=== WHAT YOU SHOULD DO ===
Starting at the line that contains "Sunitha Rana" and stopping at the line that contains "Cavaliere - Vernaccia Di San Gimignano label", transcribe every line of the material below exactly; pictures stay out.

=== DATASET RECORDS ===
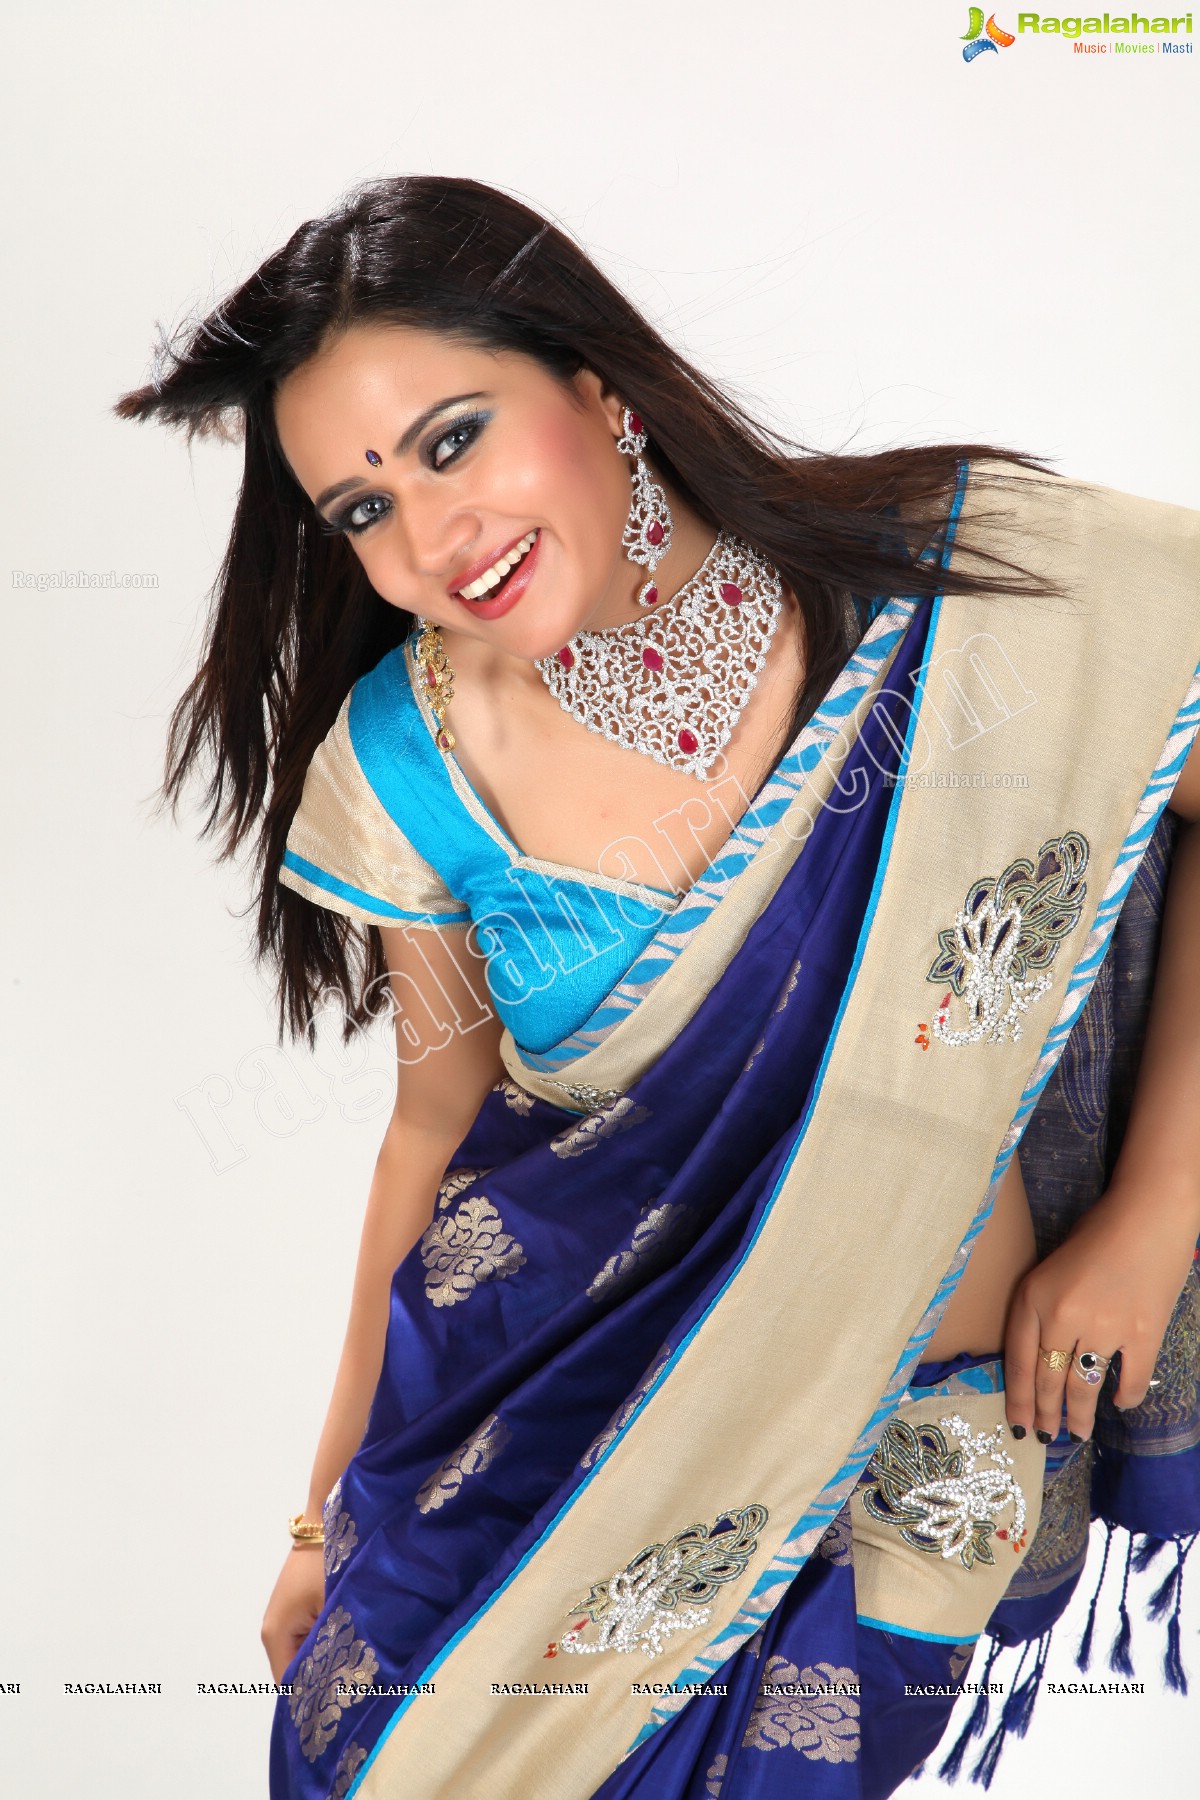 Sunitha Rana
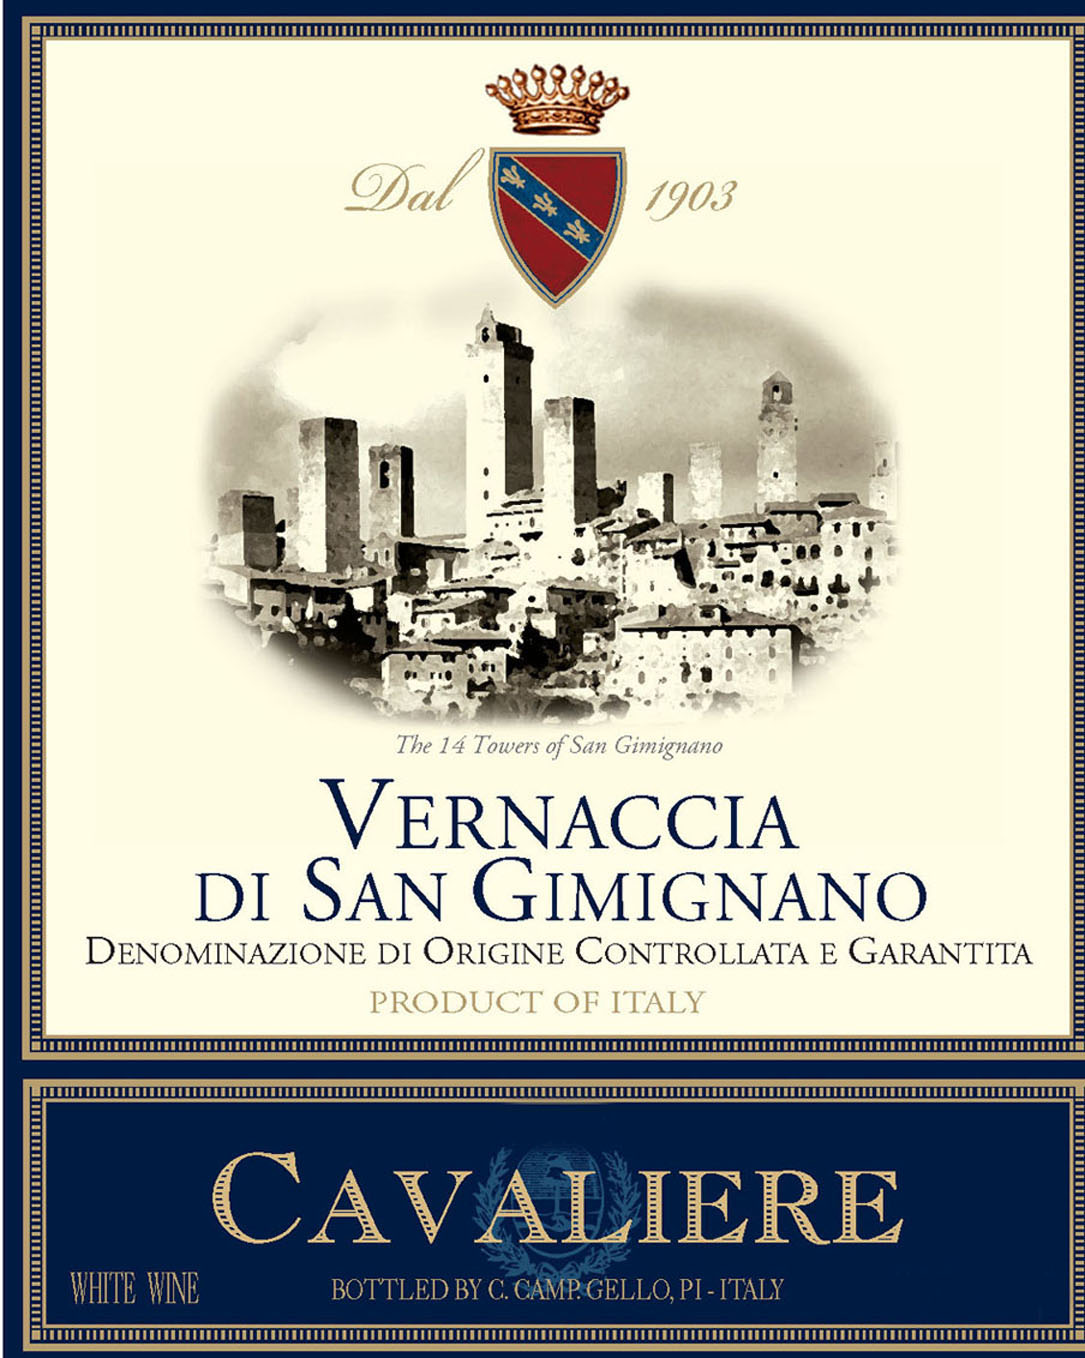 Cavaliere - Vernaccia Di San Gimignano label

--

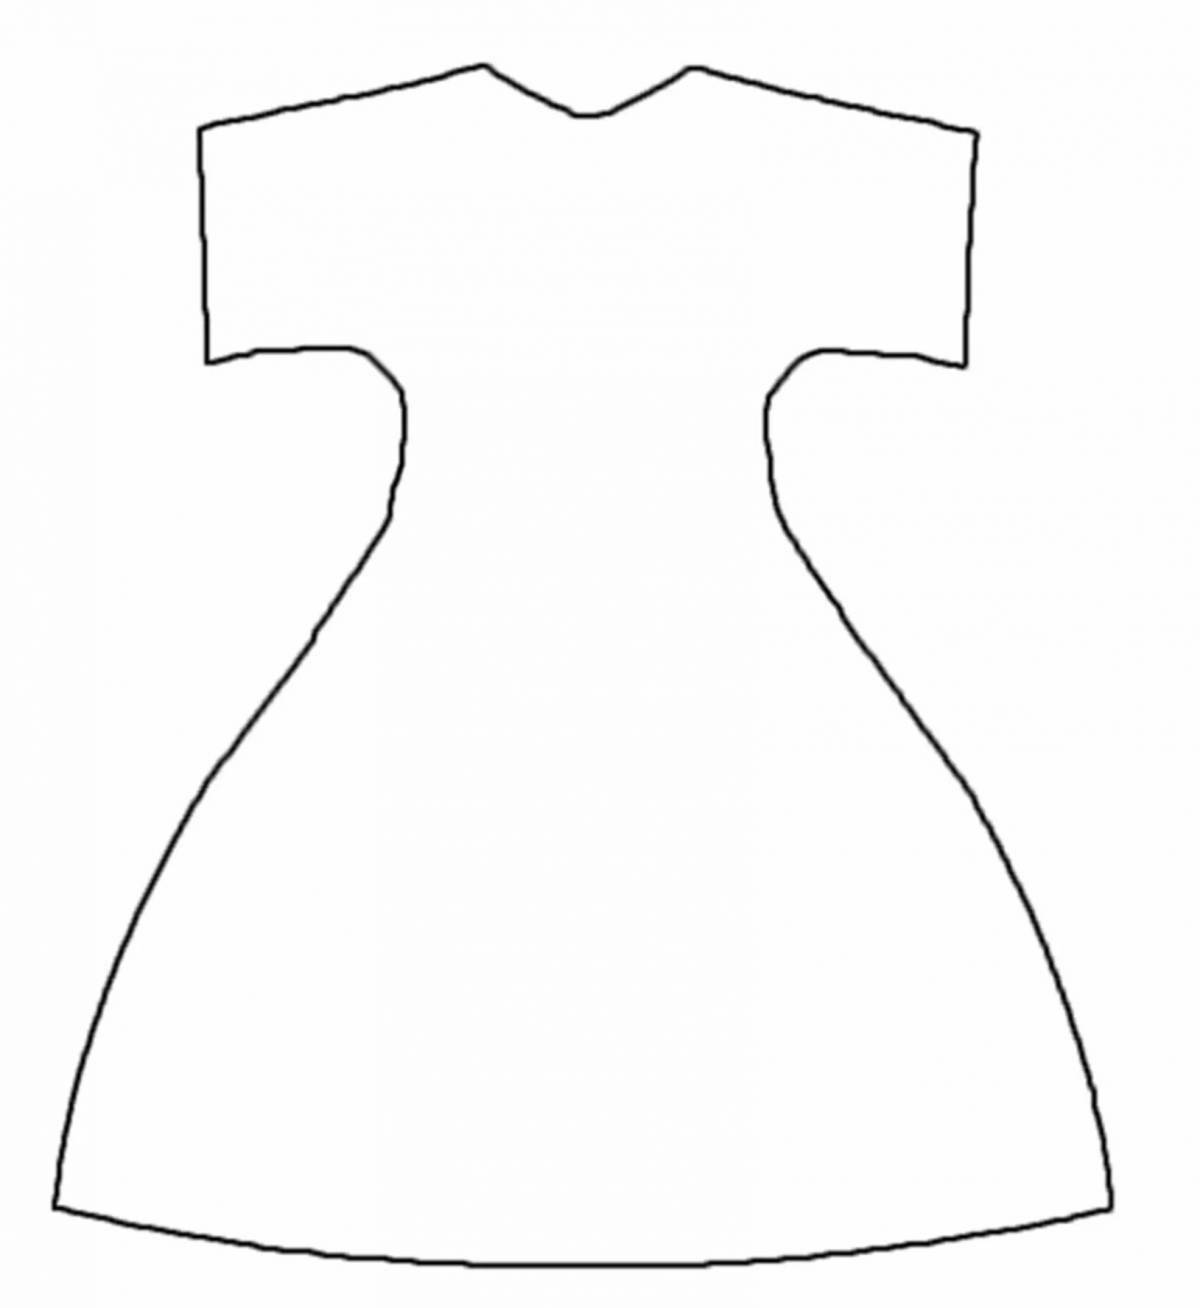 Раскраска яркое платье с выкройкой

=== WRITTEN SOLUTION ===
 Sunitha Rana
 Cavaliere - Vernaccia Di San Gimignano label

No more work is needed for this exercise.